Problem:
Without the pictures, repeat all of the data exactly as it appears below.

(Dataset excerpt Opens)

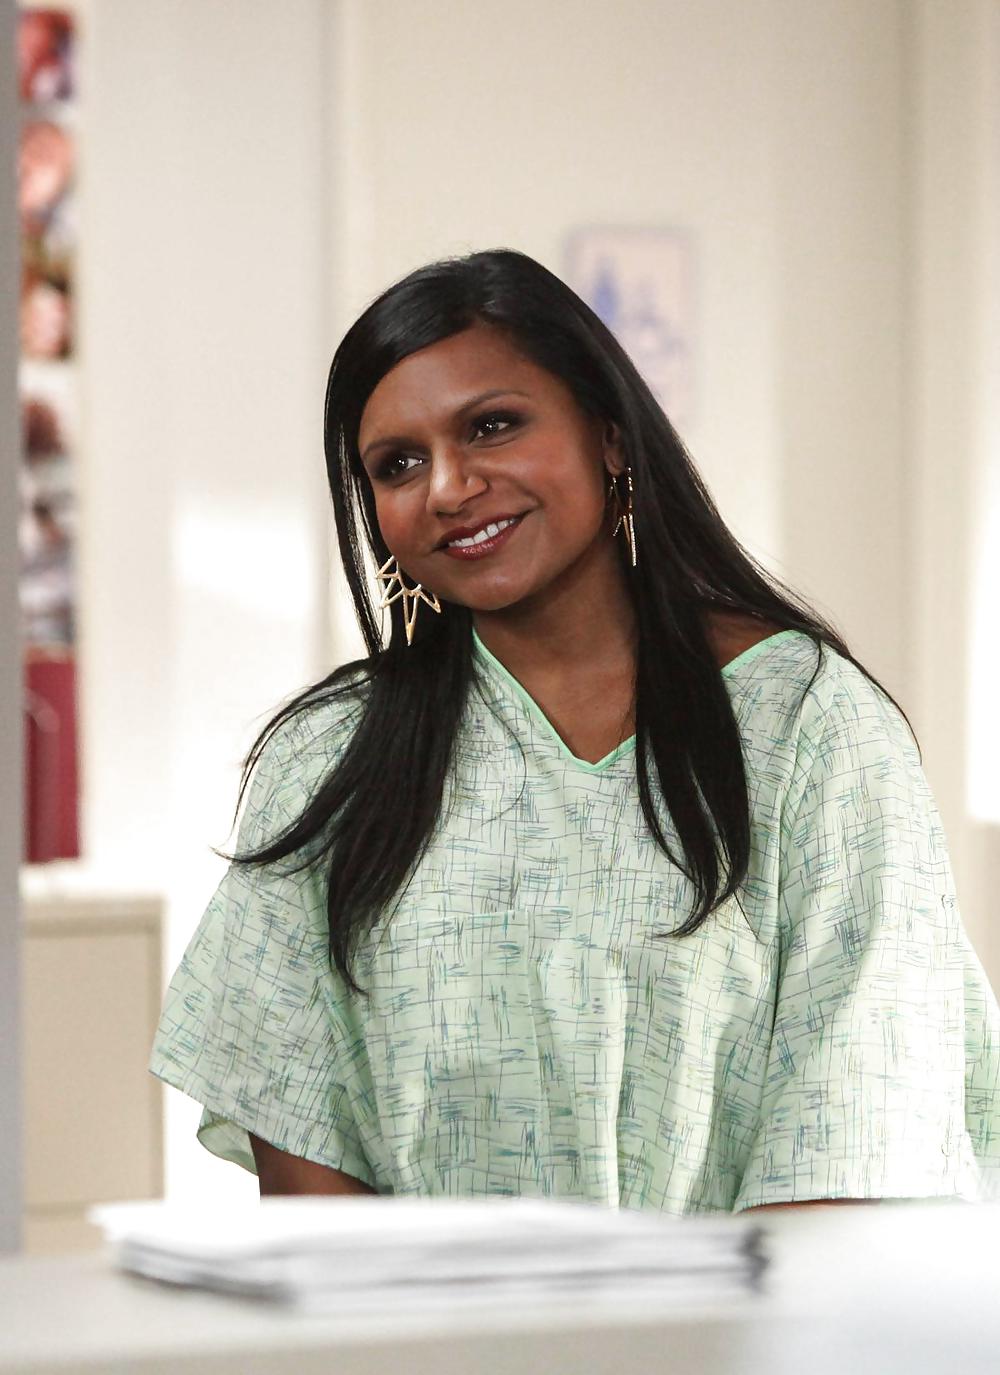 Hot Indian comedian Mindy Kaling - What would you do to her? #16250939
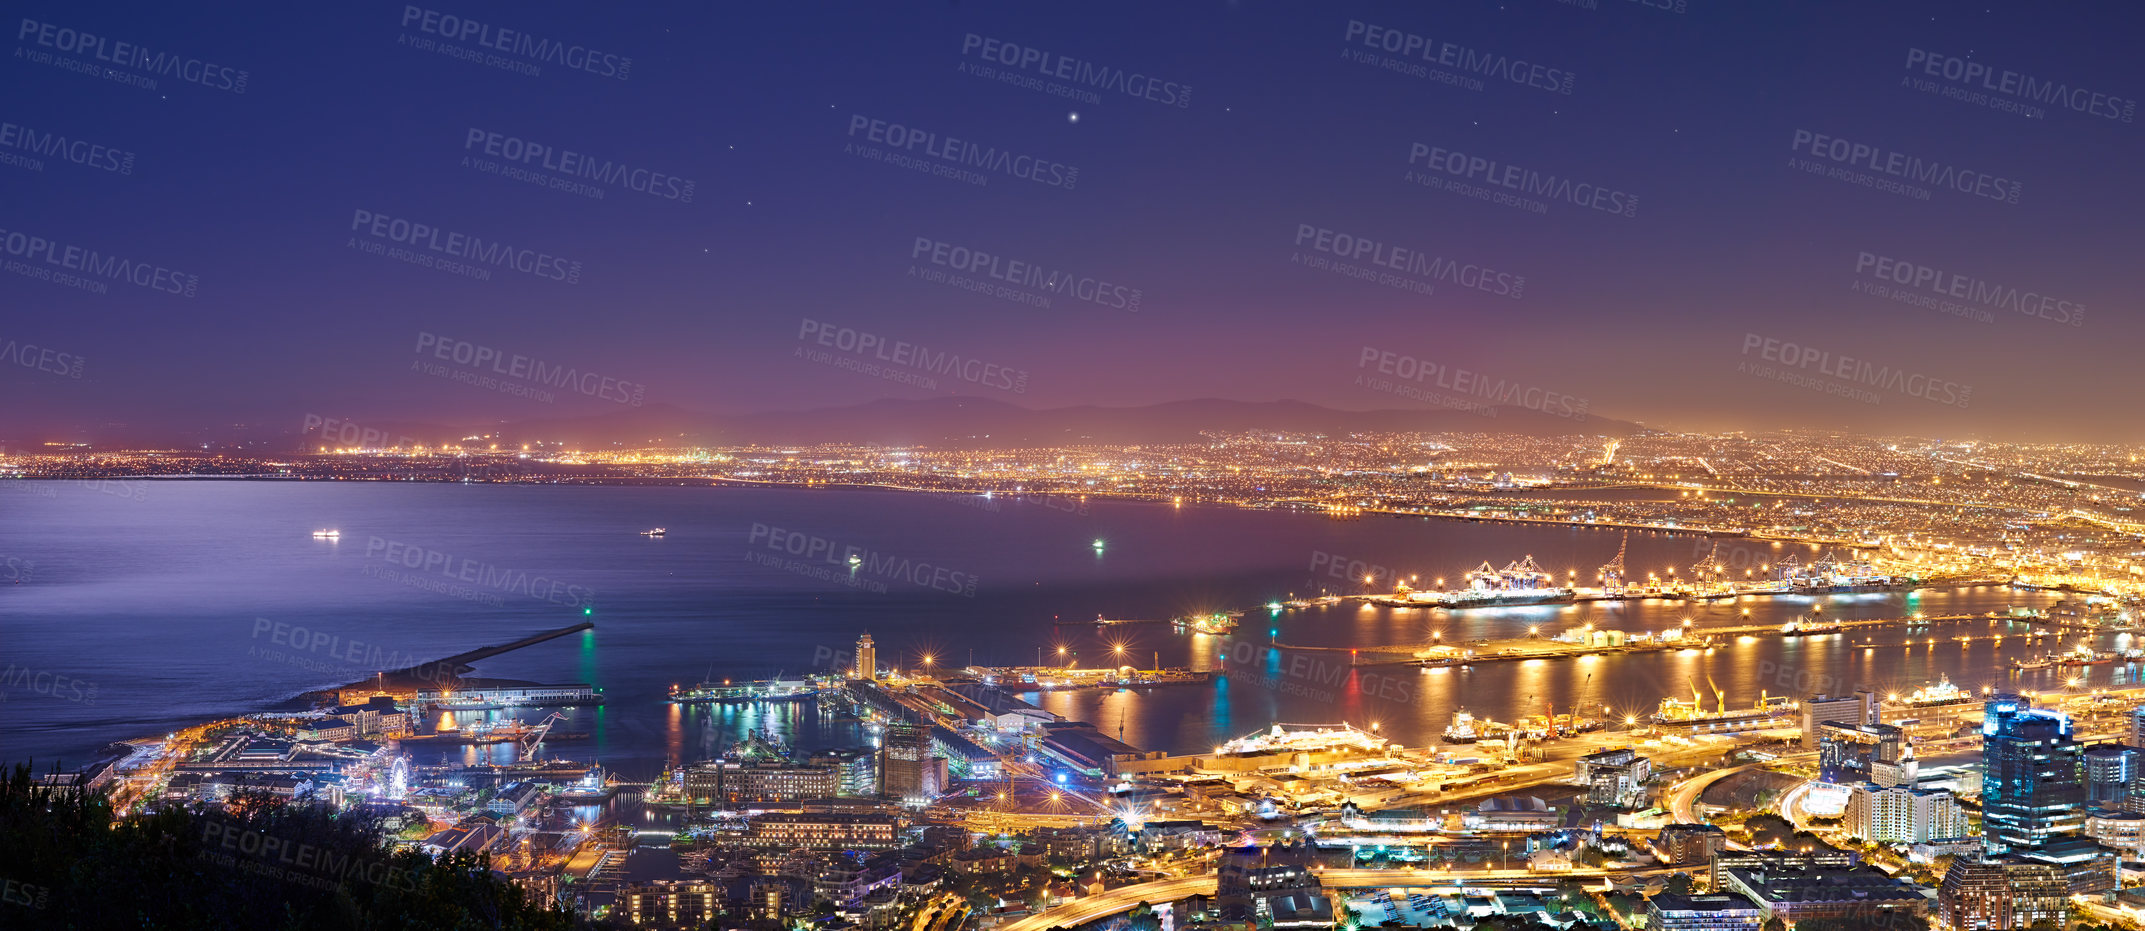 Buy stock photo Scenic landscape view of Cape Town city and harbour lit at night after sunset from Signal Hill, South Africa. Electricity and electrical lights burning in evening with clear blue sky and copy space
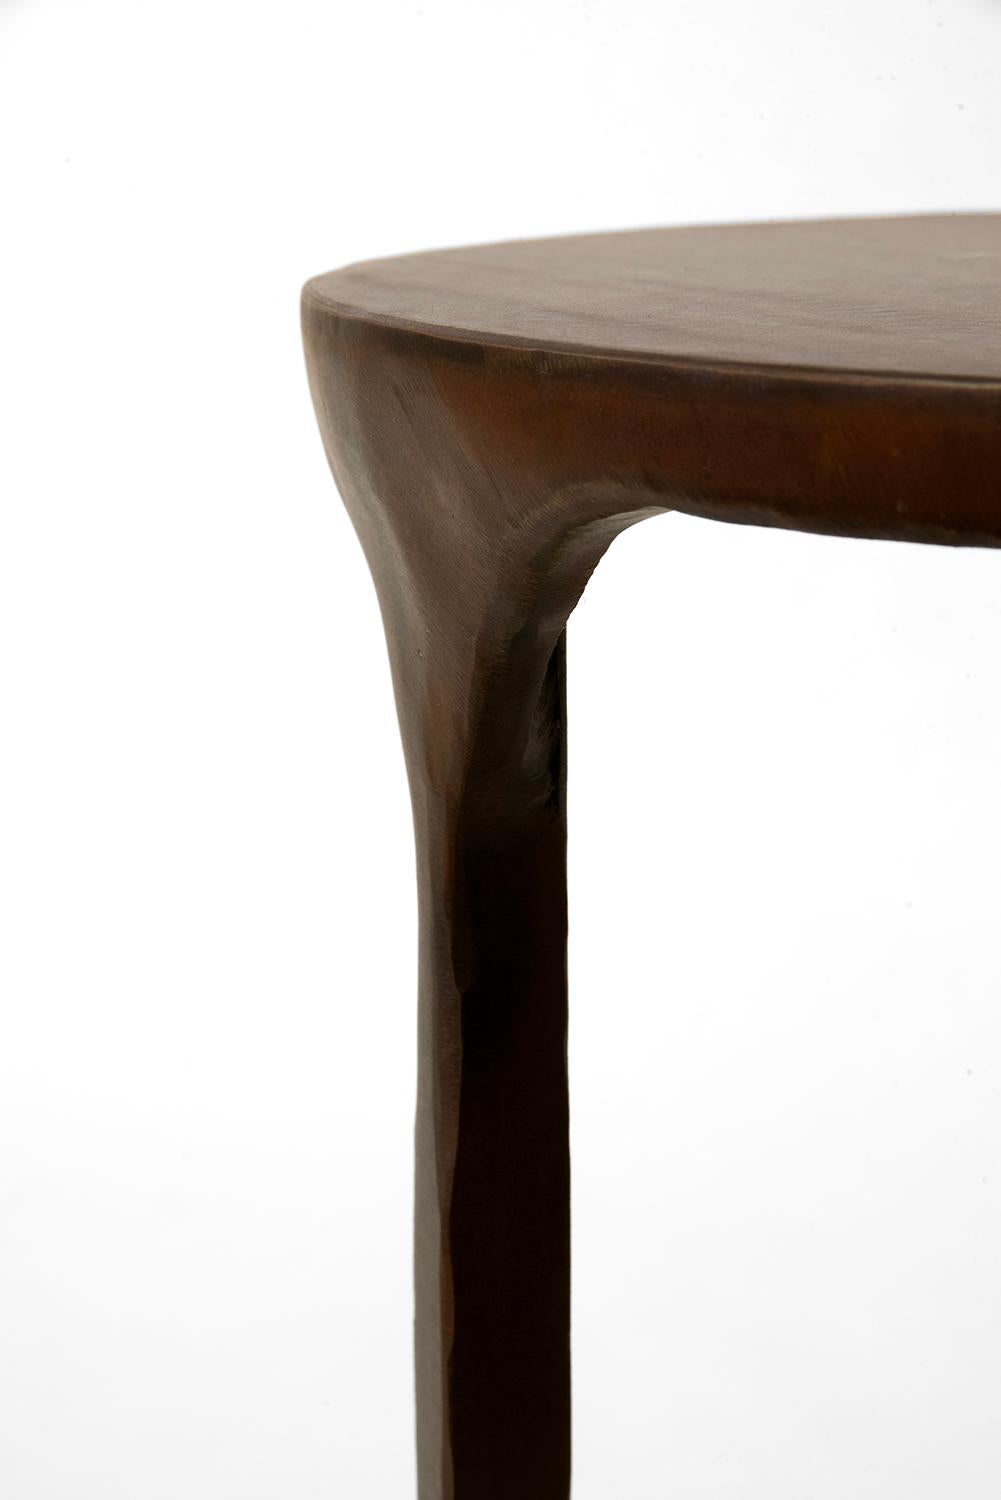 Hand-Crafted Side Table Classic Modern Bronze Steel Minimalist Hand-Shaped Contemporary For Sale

(Dataset excerpt Closes)

Result for this exercise:
 Hot Indian comedian Mindy Kaling - What would you do to her? #16250939
 Buy stock photo Scenic landscape view of Cape Town city and harbour lit at night after sunset from Signal Hill, South Africa. Electricity and electrical lights burning in evening with clear blue sky and copy space
 Hand-Crafted Side Table Classic Modern Bronze Steel Minimalist Hand-Shaped Contemporary For Sale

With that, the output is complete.